In the Wriston Lecture at the Manhattan Institute in November, Jonathan Haidt rained down absolute fire on the cult of intersectionality and how it’s shortchanging those in higher education and destroying so much of what’s left of intellectual life in America and a good part of the West:
“The identity politics taught on campus today is entirely different from that of Martin Luther King. It rejects America and American values. It does not speak of forgiveness or reconciliation. It is a massive centrifugal force, which is now seeping down into high schools, especially progressive private schools.
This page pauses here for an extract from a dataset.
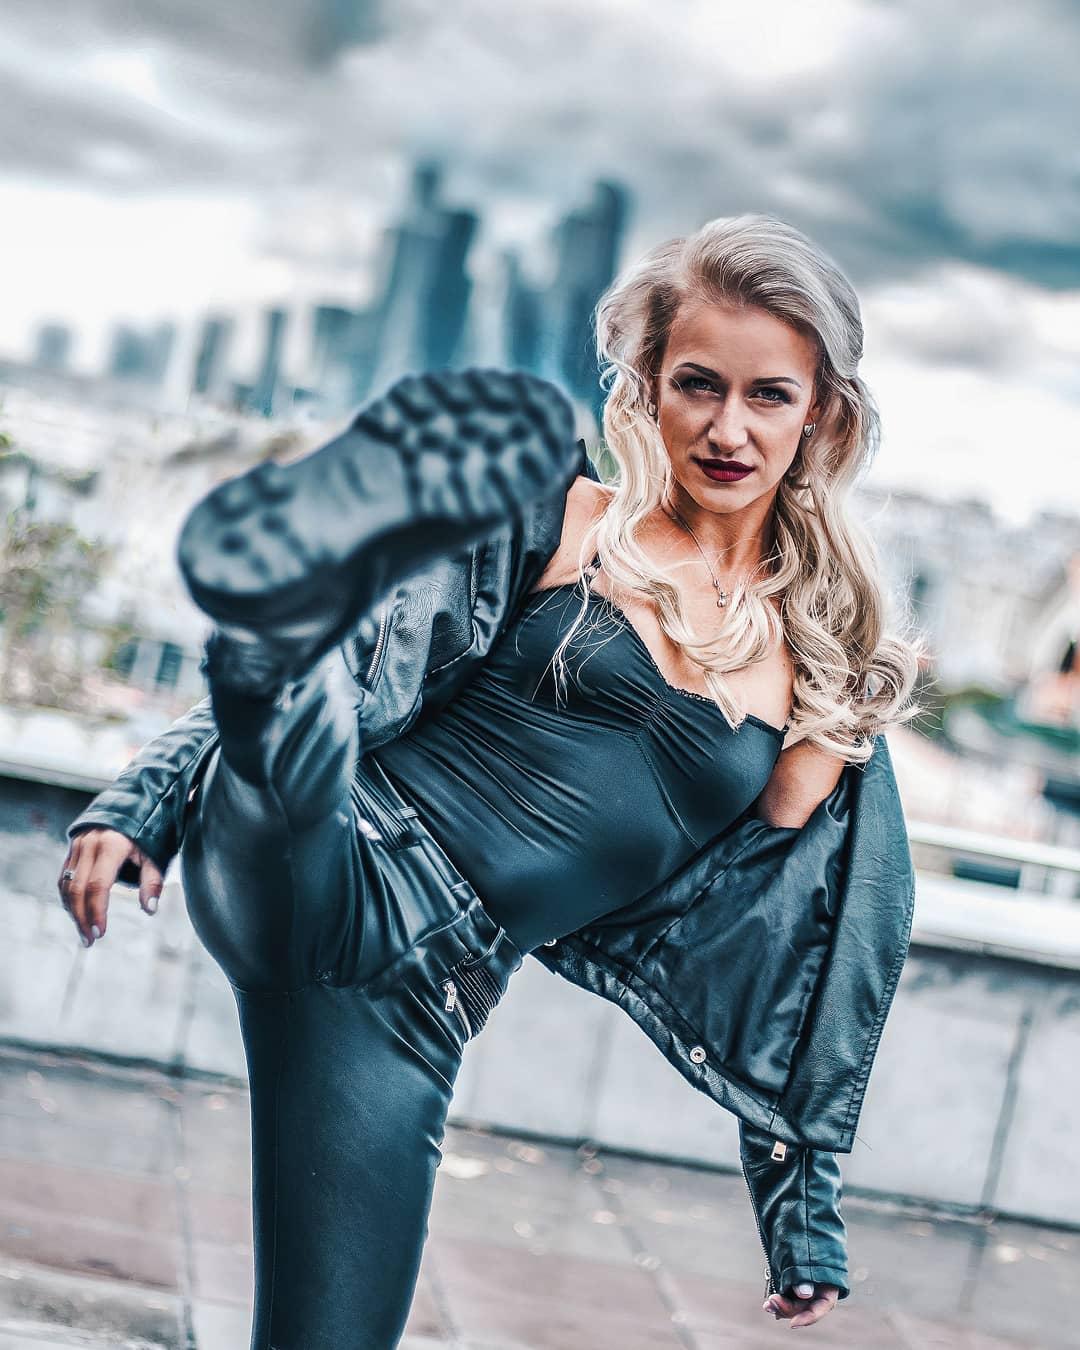 Татьяна Волосожар - Максим Траньков-4 - Страница 17 DSnsrj2_tf4

“Today’s identity politics has another interesting feature: it teaches students to think in a way antithetical to what a liberal arts education should do. When I was at Yale in the 1980s, I was given so many tools for understanding the world. By the time I graduated, I could think about things as a Utilitarian or a Kantian, as a Freudian or a behaviorist, as a computer scientist or a humanist. I was given many lenses to apply to any one situation. But nowadays, students who major in departments that prioritize social justice over the disinterested pursuit of truth are given just one lens—power—and told to apply it to all situations. Everything is about power. Every situation is to be analyzed in terms of the bad people acting to preserve their power and privilege over the good people. This is not an education. This is induction into a cult, a fundamentalist religion, a paranoid worldview that separates people from each other and sends them down the road to alienation, anxiety, and intellectual impotence.”